Наука попала в своеобразную золотую клетку. Надежда на эволюцию режима в сторону демократии, надежда на сохранение научной автономии при условии соблюдения ритуальной верности идеологии и установкам «ленинских комнат» оправдывалась лишь на короткой временной дистанции. Слабость этой позиции выявилась при усилении идеологической экспансии партократии, когда произошел «великий перелом» 1929 года. Именно этот сценарий предчувствовал Бэтсон, обозначив термином «дисгармония» количественный рост советской науки в условиях ограничения свободы. Стиль заметок У.Б. спокойный, слегка ироничный, свободный от тех ритуальных философско-языковых теней, которые вольно или невольно уже опутывали Н.И.Вавилова. Поэтому столь характерны его слова из письма своему коллеге Г.Д.Карпеченко от 30 декабря 1925 года: «Мистер Бэтсон написал статейку об импрессиях от научной работы в России, которая нам очень не понравилась, но которая очень правдива».

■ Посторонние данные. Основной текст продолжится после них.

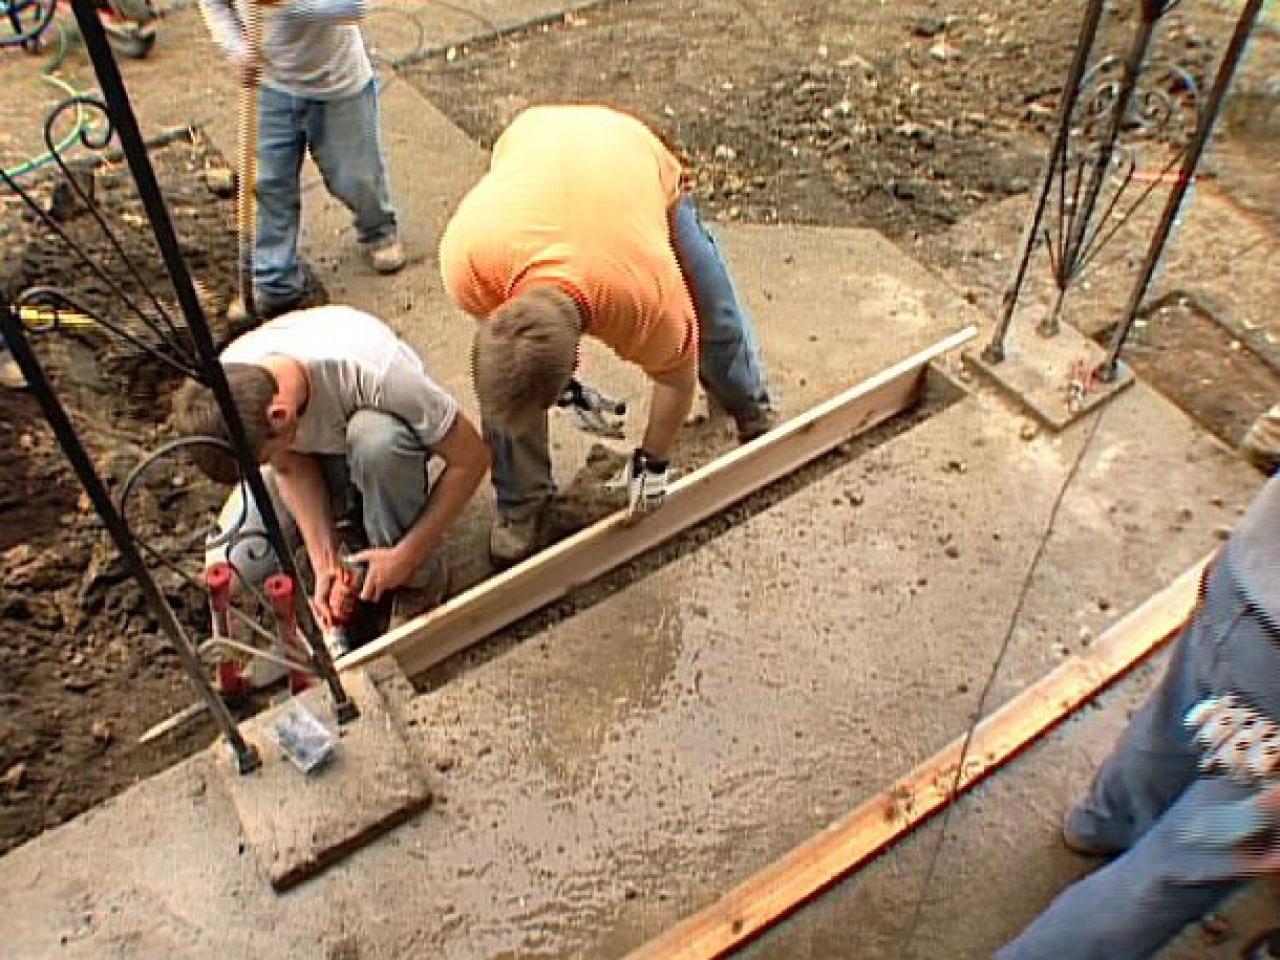 How do you repair concrete steps?

• Сергеи Сергеевич Четвериков — один из основоположников эволюционной и популяционной генетики. Один из первых связал закономерности отбора в популяциях с динамикой эволюционного процесса
• Антон Романович Жебрак — крупнейший генетик. Основные труды по гибридизации, полиплоидии и иммунитету растений, филогении и биологическим основам селекции пшеницы и гречихи
В плену у времени
Дефицит свободы, политизация науки, замеченные Бэтсоном уже в 1925 году, в конце концов привели к разгрому генетики двадцать лет спустя. Но судьба генетики вовсе не уникальна. Лысенковщина, как теперь очевидно, понятие не видовое, а родовое, постигшее в той или иной мере каждую область советской науки. Было три рычага воздействия: постоянное идейное давление или надзор, индивидуальный террор и,Наконец, разгром, принявший в случае генетики форму погрома. Нет ни одной области советской науки, не испытывавшей вместе с другими или порознь этих трех способов воздействия со стороны власти. Два вышедших тома «Репрессированная наука» тому доказательство. Прежде чем разгром был учинен в генетике, он произошел в самом начале двадцатых годов в гуманитарных науках — философии, экономике, социологии, в ряде областей истории, демографии и даже в краеведении.
Суть Великого Перелома в области экономики состояла в ускоренной индустриализации и насильственной коллективизации. В области организации государства это сопровождалось резким усилением бюрократии и разбуханием репрессивных органов (ОГПУ-НКВД), ставших основным инструментом социалистической перестройки. Язык удивительным образом зафиксировал последнее. Возникла идиома, понятная только советскому человеку: скажите и сейчас, в конце девяностых годов, что этот человек «из органов» — и станет ясно, из каких. (Вспоминается забавный анекдот: врач-гинеколог стеснялся своей профессии и говорил, что работает в органах... Смешно и почти недоступно для перевода на другие языки.)
В области идеологии Великий Перелом сопровождался насильственным внедрением диалектического материализма, принявшего в конце концов в 1938 году форму всеобязательного партийного катехизиса — «Краткого курса ВКП(б)». В 1935 году Иван Петрович Павлов протестовал в письме в Совнарком «... А введен в устав академии параграф, что вся научная работа академии должна вестись на платформе учения о диалектическом материализме Маркса-Энгельса, — разве это не величайшее насилие над научной мыслью? Чем это отстает от средневековой инквизиции?»